A Microbial Metabolite can Harm Dopaminergenic Neurons

The standard view of Parkinson's disease is that misfolding of α-synuclein occurs in the gut or brain, and then spreads in a prion-like manner to cause widespread dysfunction and cell death throughout the brain. The most vulnerable cells are dopaminergic neurons, and their destruction causes the most evident symptoms of the disease. Some people have a greater risk of Parkinson's disease than others. The most studied vulnerabilities are genetic variants that appear to make dopaminergic neurons even more vulnerable to stress. Environmental factors may also attack this population of neurons: here, researchers note that a soil bacteria sometimes found in the gut microbiome can produce a metabolite that is toxic to dopaminergic neurons.

The causes of nigrostriatal cell death in idiopathic Parkinson's disease are unknown, but exposure to toxic chemicals may play some role. We followed up here on suggestions that bacterial secondary metabolites might be selectively cytotoxic to dopaminergic neurons. Extracts from Streptomyces venezuelae were found to kill human dopaminergic neurons in vitro. Utilizing this model system as a bioassay, we identified a bacterial metabolite known as aerugine and confirmed this finding by chemical re-synthesis.

This compound was previously shown to be a product of a wide-spread biosynthetic cluster also found in the human microbiome and in several pathogens. Aerugine triggered half-maximal dopaminergic neurotoxicity at 3-4 µM. It was less toxic for other neurons (10-20 µM), and non-toxic (at <100 µM) for common human cell lines. Neurotoxicity was completely prevented by several iron chelators, by distinct anti-oxidants and by a caspase inhibitor.

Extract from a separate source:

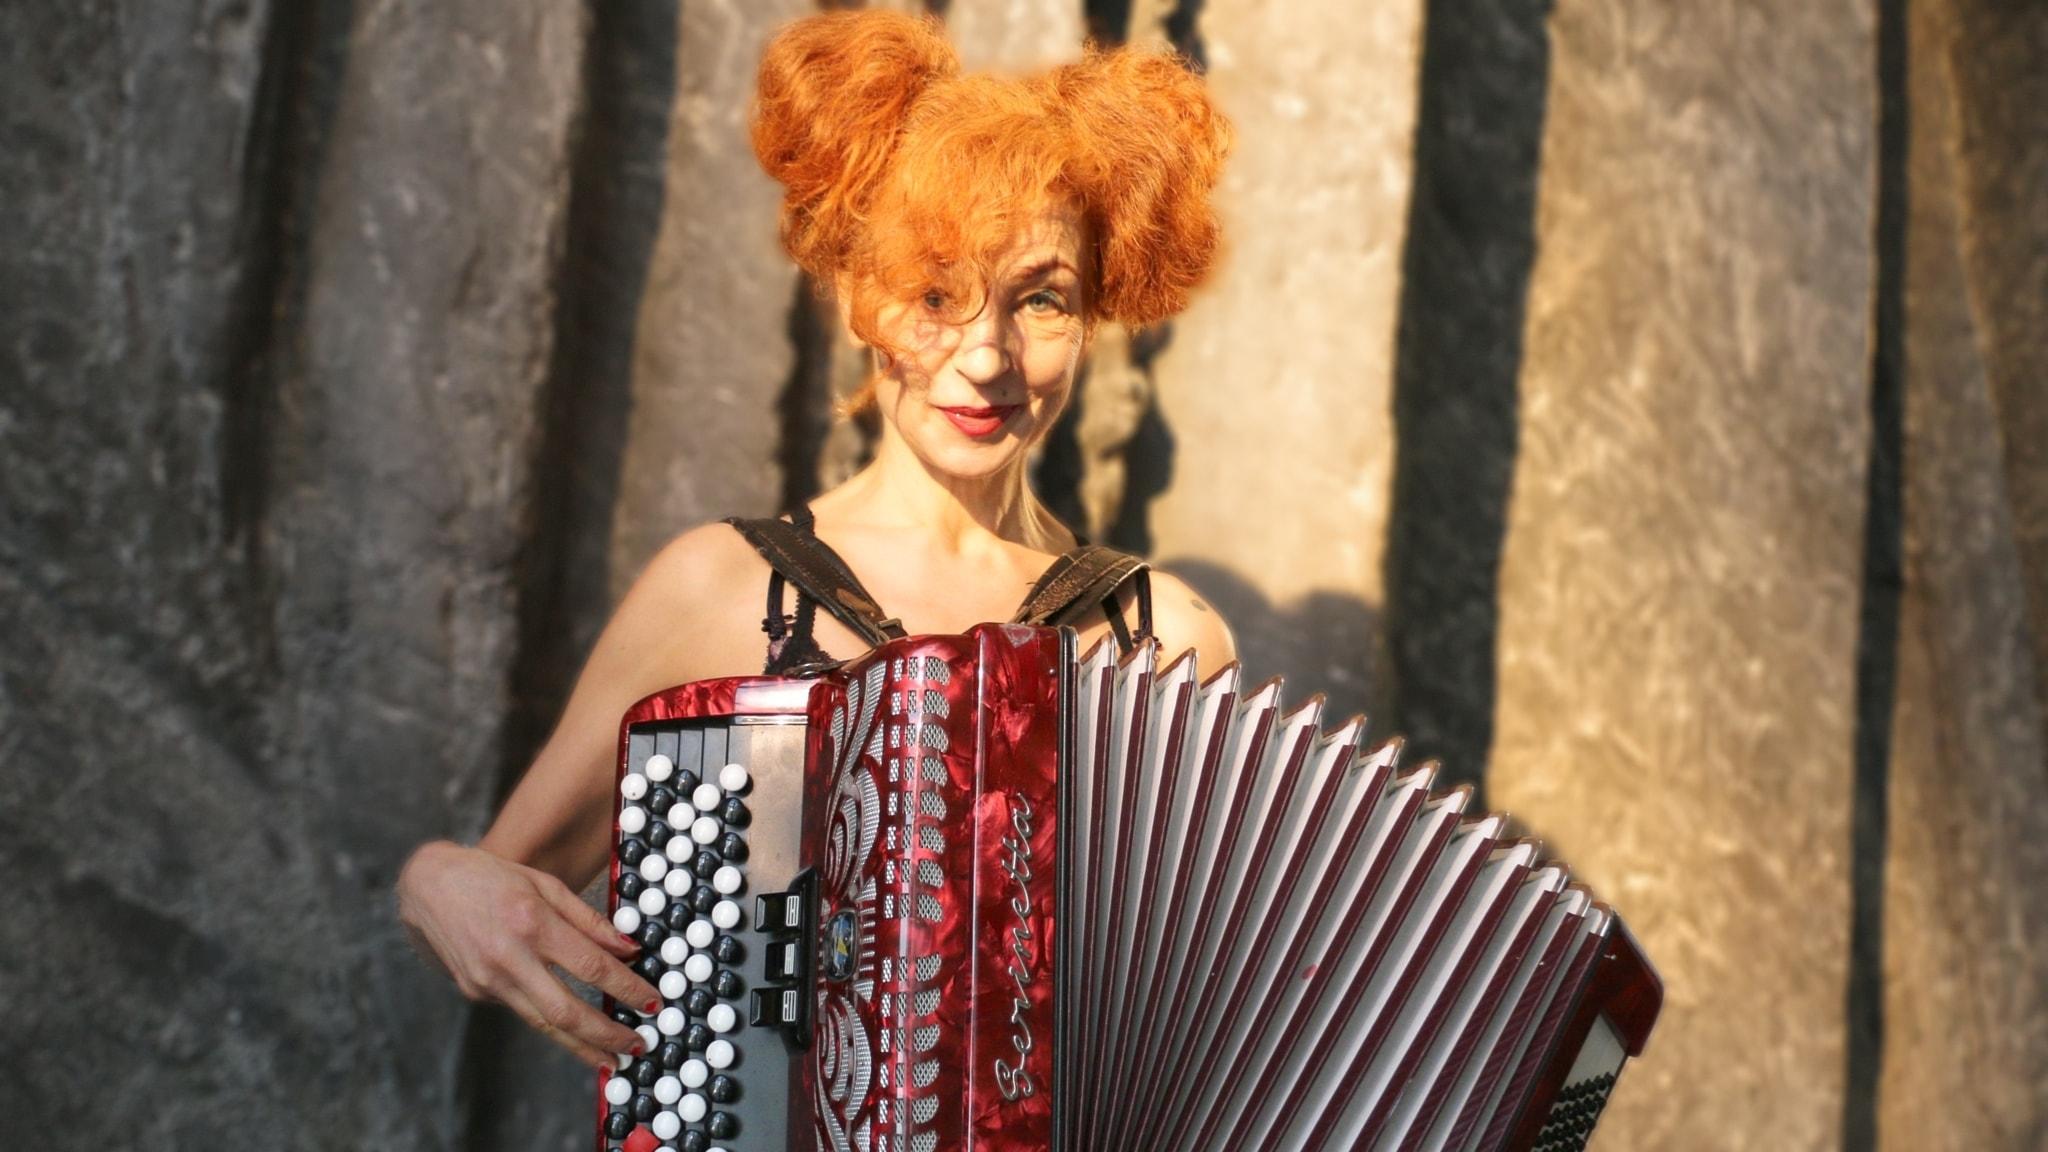 Artisten Marta Oldenburg poserar med sitt dragspel. Hon har stort rött hår och färgen på dragspelet är också röd. Belysningen är dramatisk.

In the Caenorhabditis elegans model organism, general survival was not affected by aerugine concentrations up to 100 µM. When transgenic worms, expressing green fluorescent protein only in their dopamine neurons, were exposed to aerugine, specific neurodegeneration was observed. The toxicant also exerted functional dopaminergic toxicity in nematodes as determined by the "basal slowing response" assay.

Thus, our research has unveiled a bacterial metabolite with a remarkably selective toxicity toward human dopaminergic neurons in vitro and for the dopaminergic nervous system of Caenorhabditis elegans in vivo. These findings suggest that microbe-derived environmental chemicals should be further investigated for their role in the pathogenesis of Parkinson's disease.